Head of people policy, Jane Gratton, believes that these results highlight the continuing difficulties employers face in accessing the skilled labour they need and that such a loss will impact the country’s economic recovery. For example, as more compression spring manufacturers struggle to fill their skills gap, it will create a knock-on effect on their ability to provide products. This effect will continue adding struggles to an already pressured supply chain battling supply and demand.
Upskilling Your Team
One short term solution to the skills gap problem is to upskill your current workforce. Re-training and developing new skills is an excellent way to grow your existing team and address those areas with gaps. Additionally, focusing on automating easier processes will free up those team members to address the more complex parts of your business.
Another practical method for filling skills gaps with upskilling is implementing personal development plans (or PDPs). These help companies set goals for each employee and encourage their development as they learn the skills required.

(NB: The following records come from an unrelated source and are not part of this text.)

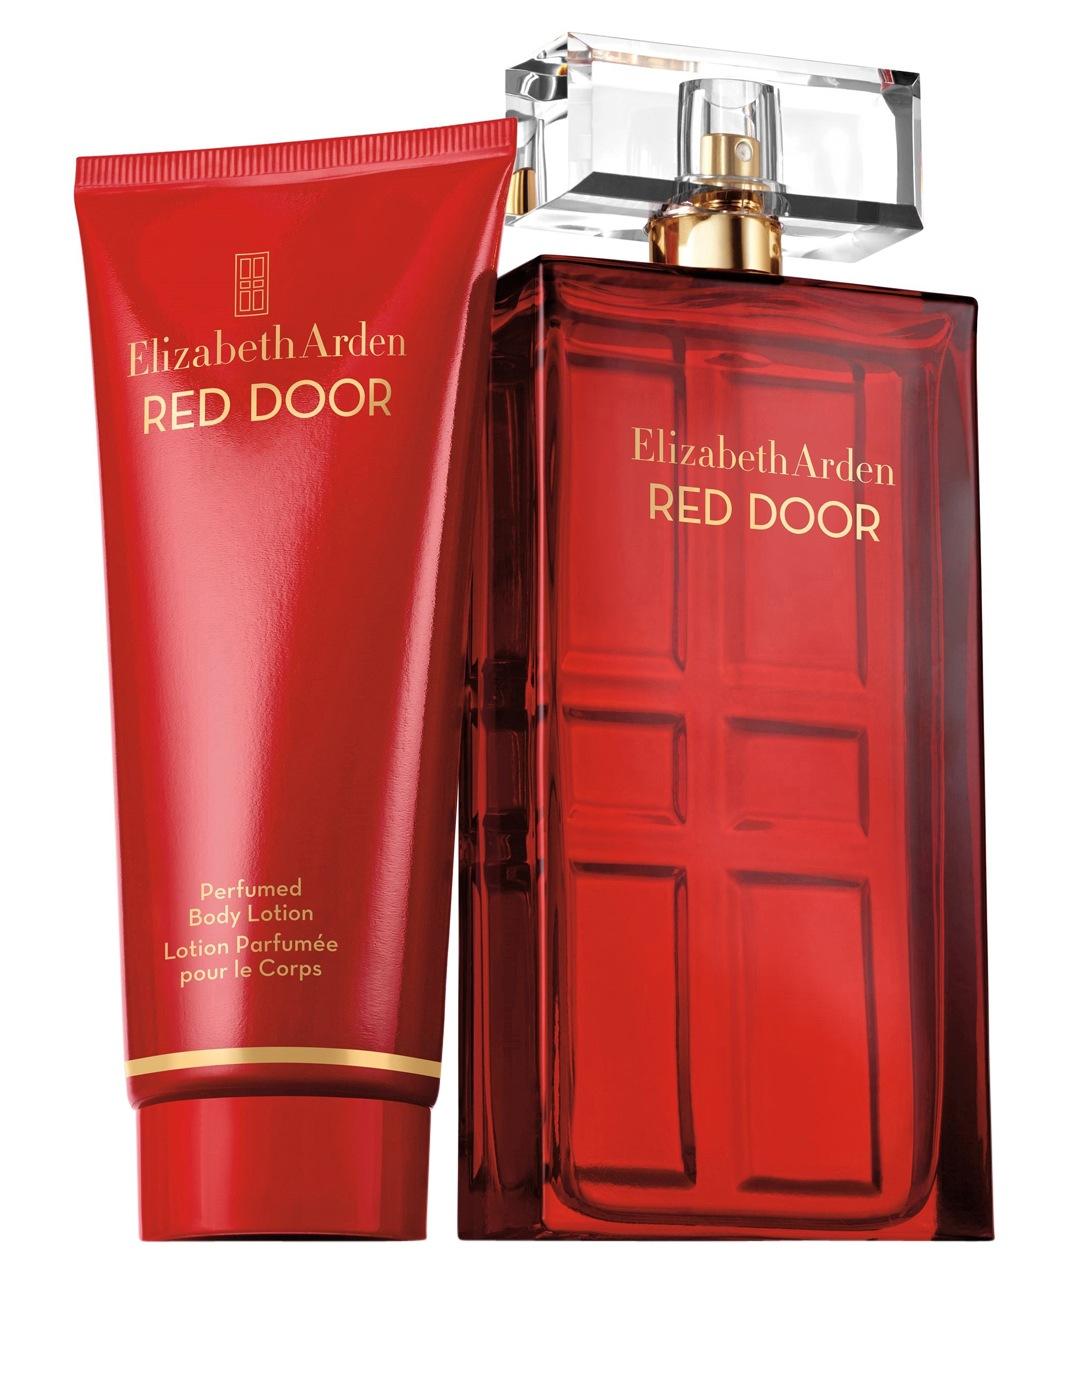 Elizabeth Arden Red Door 100ml 2 Piece Set Myer Online
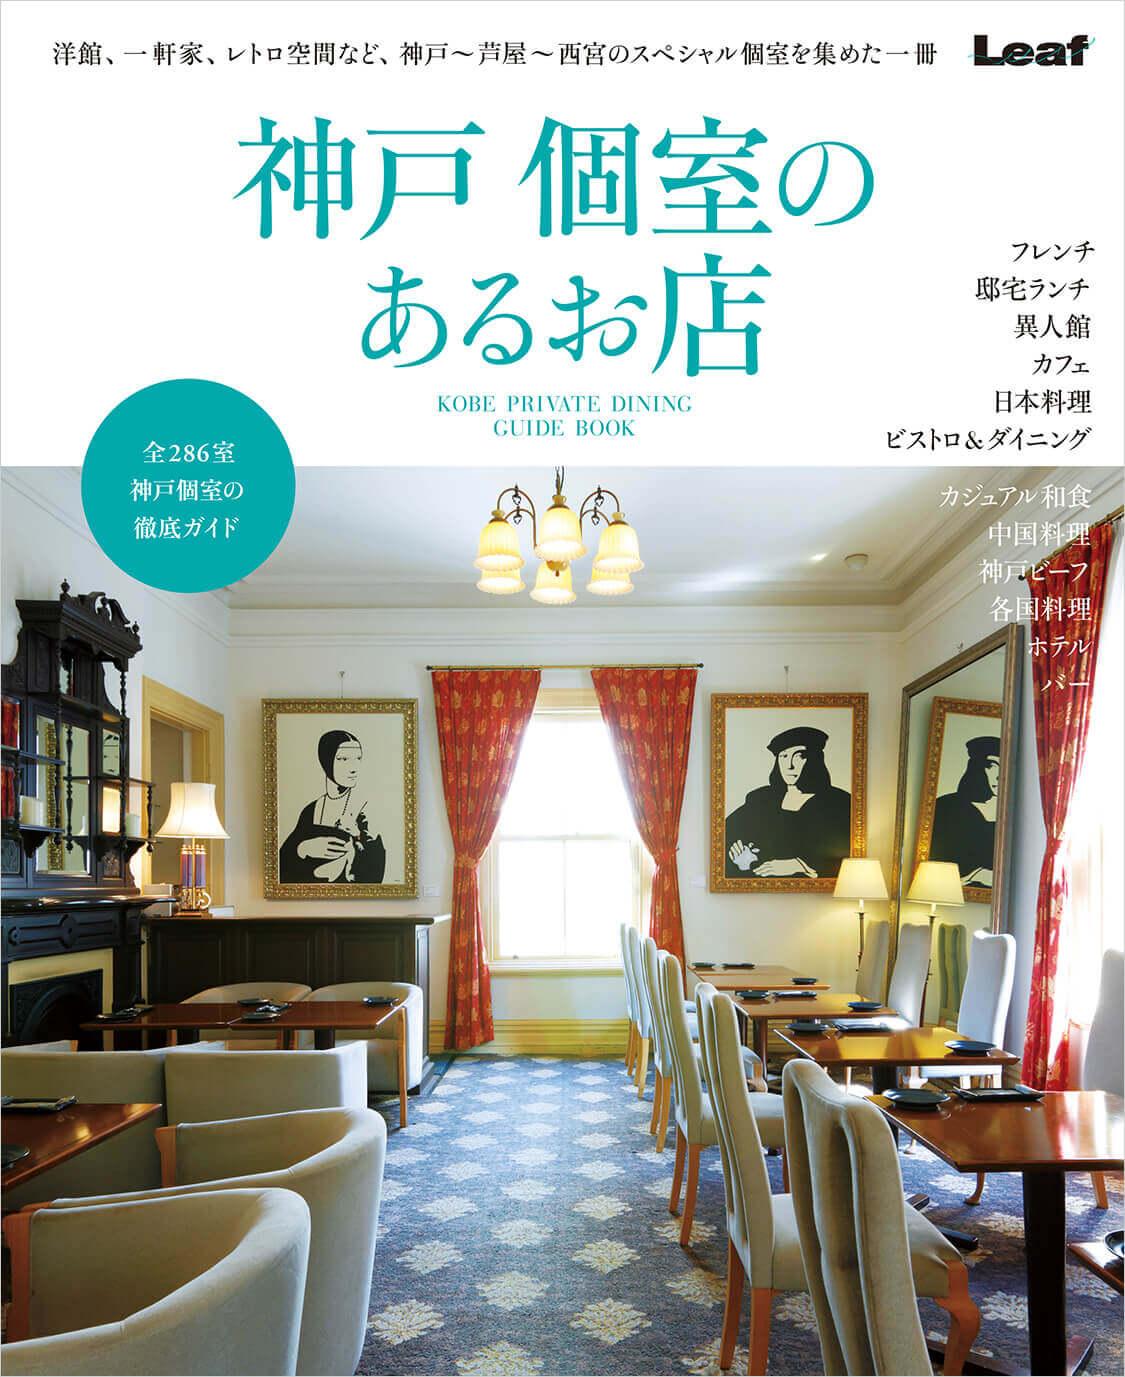 LeafMOOK 【書籍】神戸 個室のあるお店
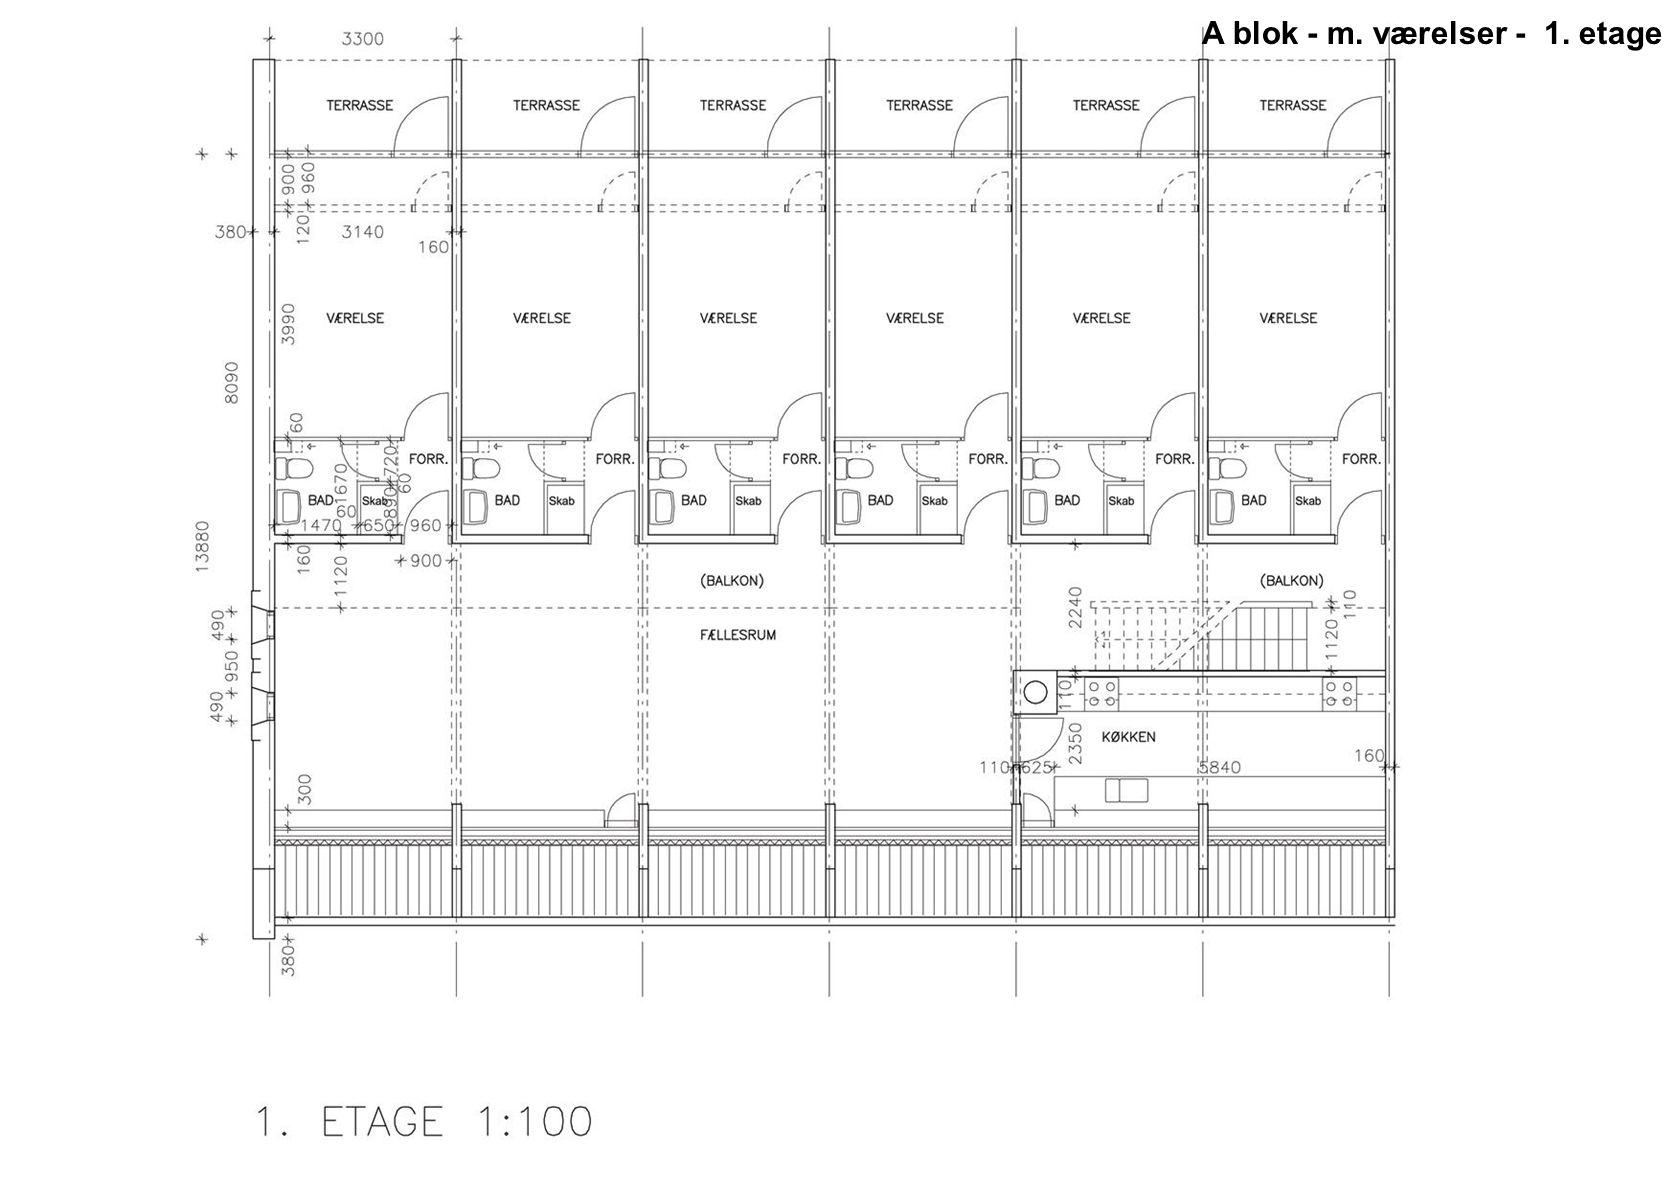 A blok - m. værelser - 1. etage
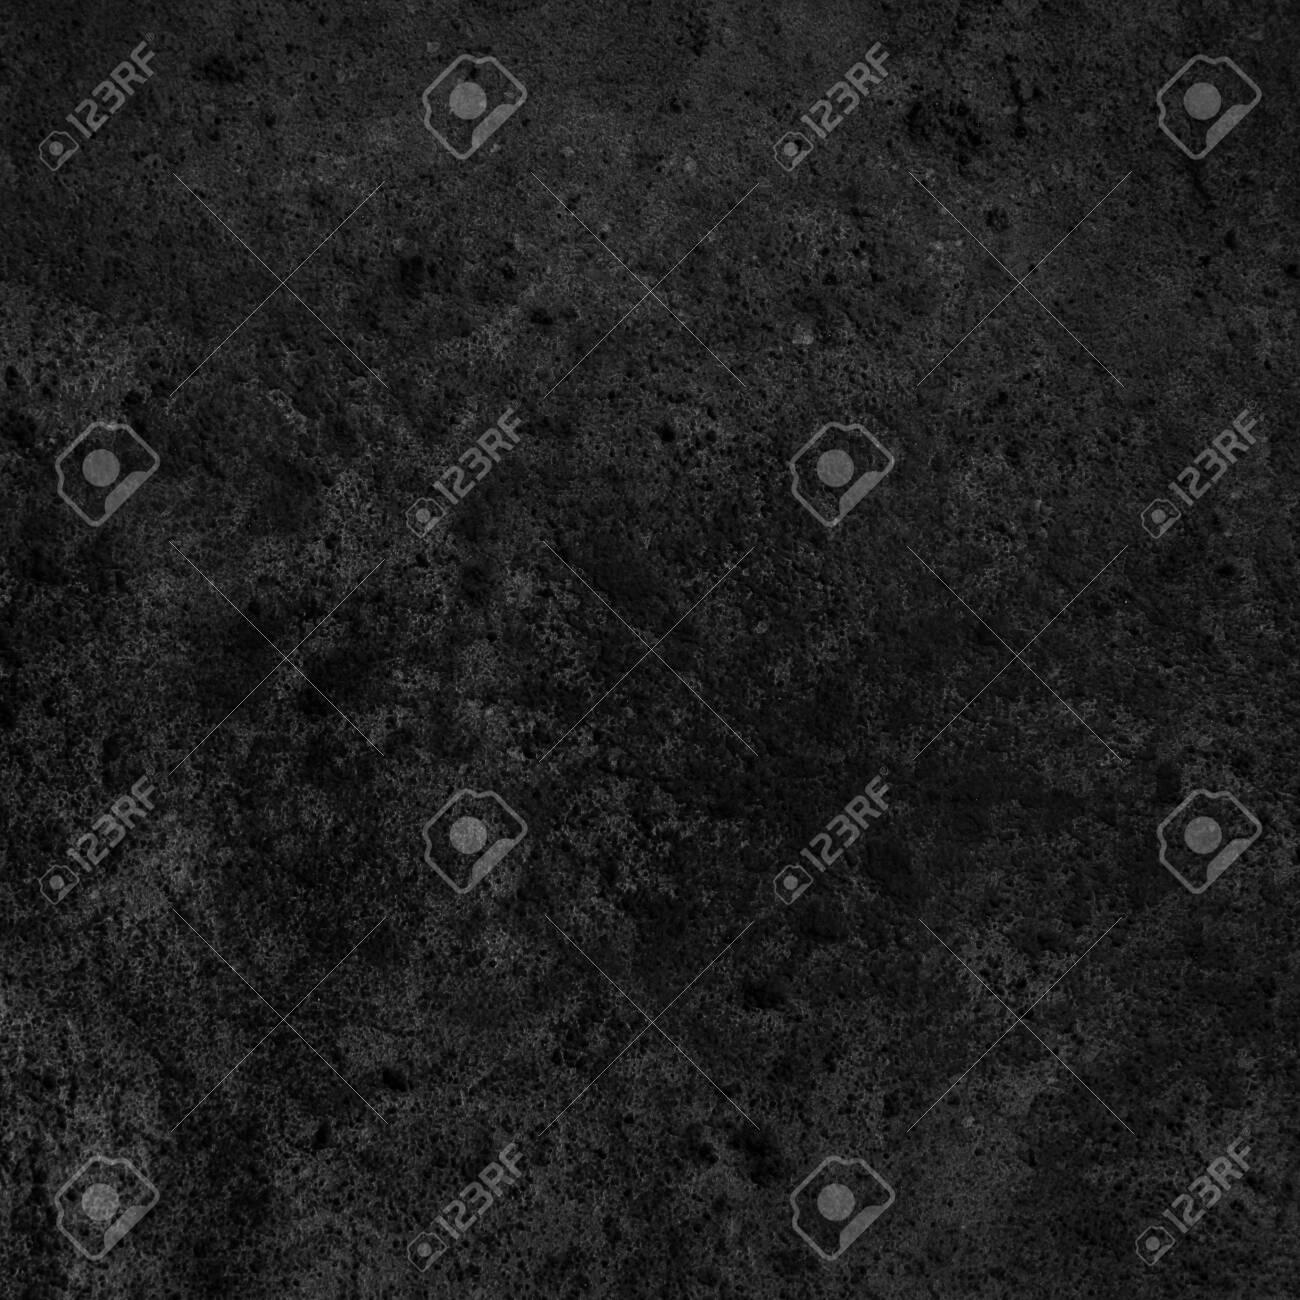 Black stone, slate texture background. Background, stone - 124032092
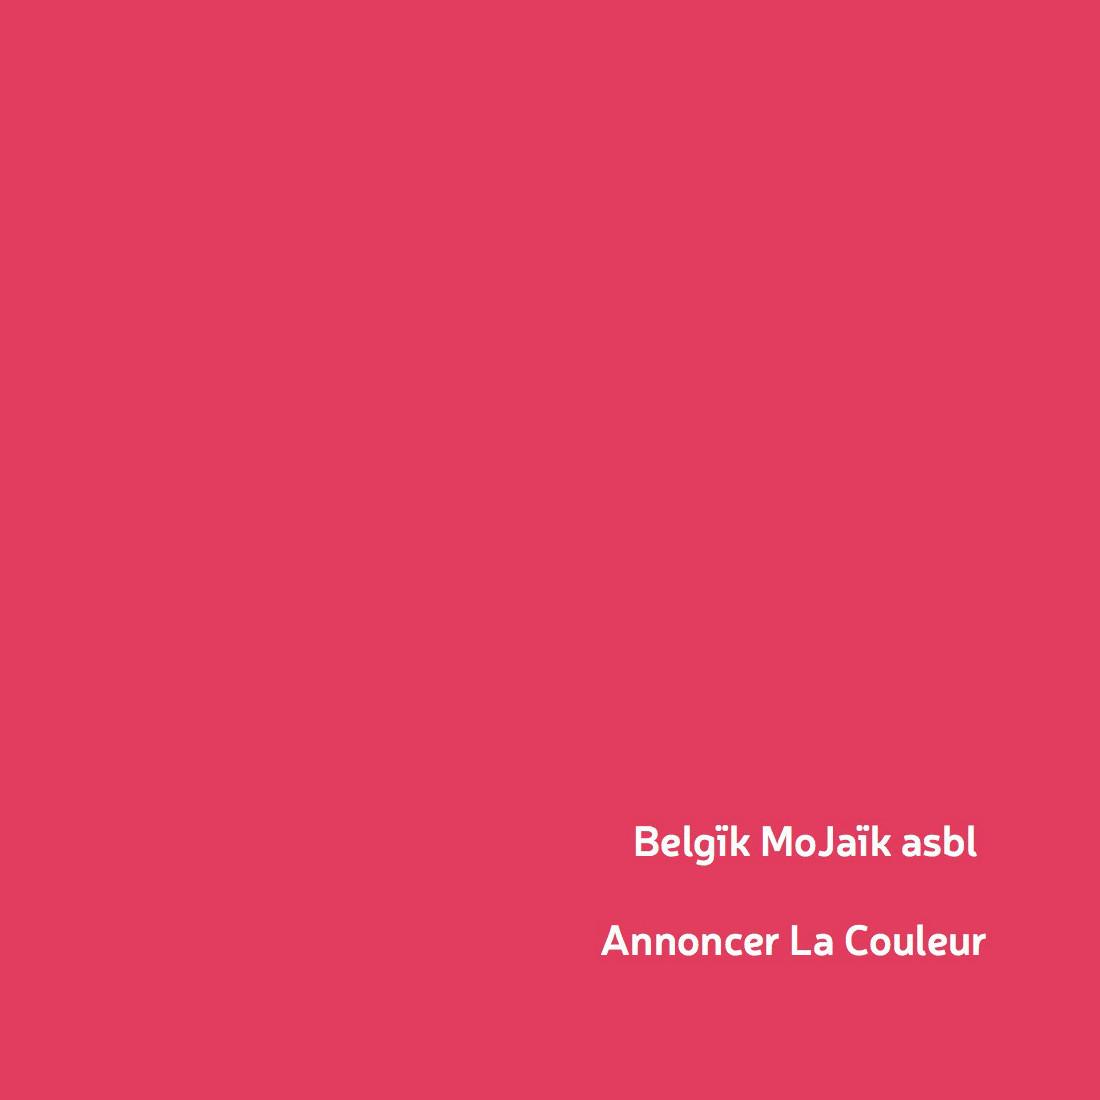 belgik-mojaik-outil-pedagogique-jeunes-cultures-du-corps-illu-2-partenaire

By upskilling your team to your new equipment and procedures, companies are building well-rounded, multi-skilled workforces capable of filling those missing positions and increasing their businesses’ overall efficiency.
Investing In Young People
At European Springs, we believe that investing in new engineers supports us and benefits the industry as a whole. In addition, by increasing awareness of the advantages of STEM careers to students through various existing programs and apprenticeship schemes, the talent pool will be increased dramatically.
Continuing to promote our excellent apprenticeships is crucial to us as a company. We offer incredible schemes that follow the mechanical manufacturing apprenticeship framework and award BTEC Level 3 certificates in Engineering operations and maintenance.
Filling The Skills Gap
The way manufacturing companies react to this labour shortage will be an essential factor in deciding the future of the manufacturing industry. In order to prosper, the sector must embrace the initiatives already in place to attract new skilled people to enjoy a profitable career in STEM.
Scholarships, bursaries, and apprenticeships are all fantastic ways of increasing this awareness and are proving to address the skills gap successfully. In addition, male and female postgraduates students can apply for funding opportunities that will help them explore a career in manufacturing or any other sector under STEM.
Brunel University in London offers a mentoring program called Women in Engineering and Computing (or WIBEC) that encourages and supports female graduates and undergraduates to begin a fulfilling career in manufacturing.
The UK is home to many prestigious universities well known for innovation, research and creativity. This has created a reputation for top-ranked UK universities globally and has been providing STEM education in many forms for centuries. In addition, this positive relationship between these institutions and manufacturing companies have created a supportive network for job hunting or apprenticeship applications that makes it much easier for employers to find people to fill their skills gaps.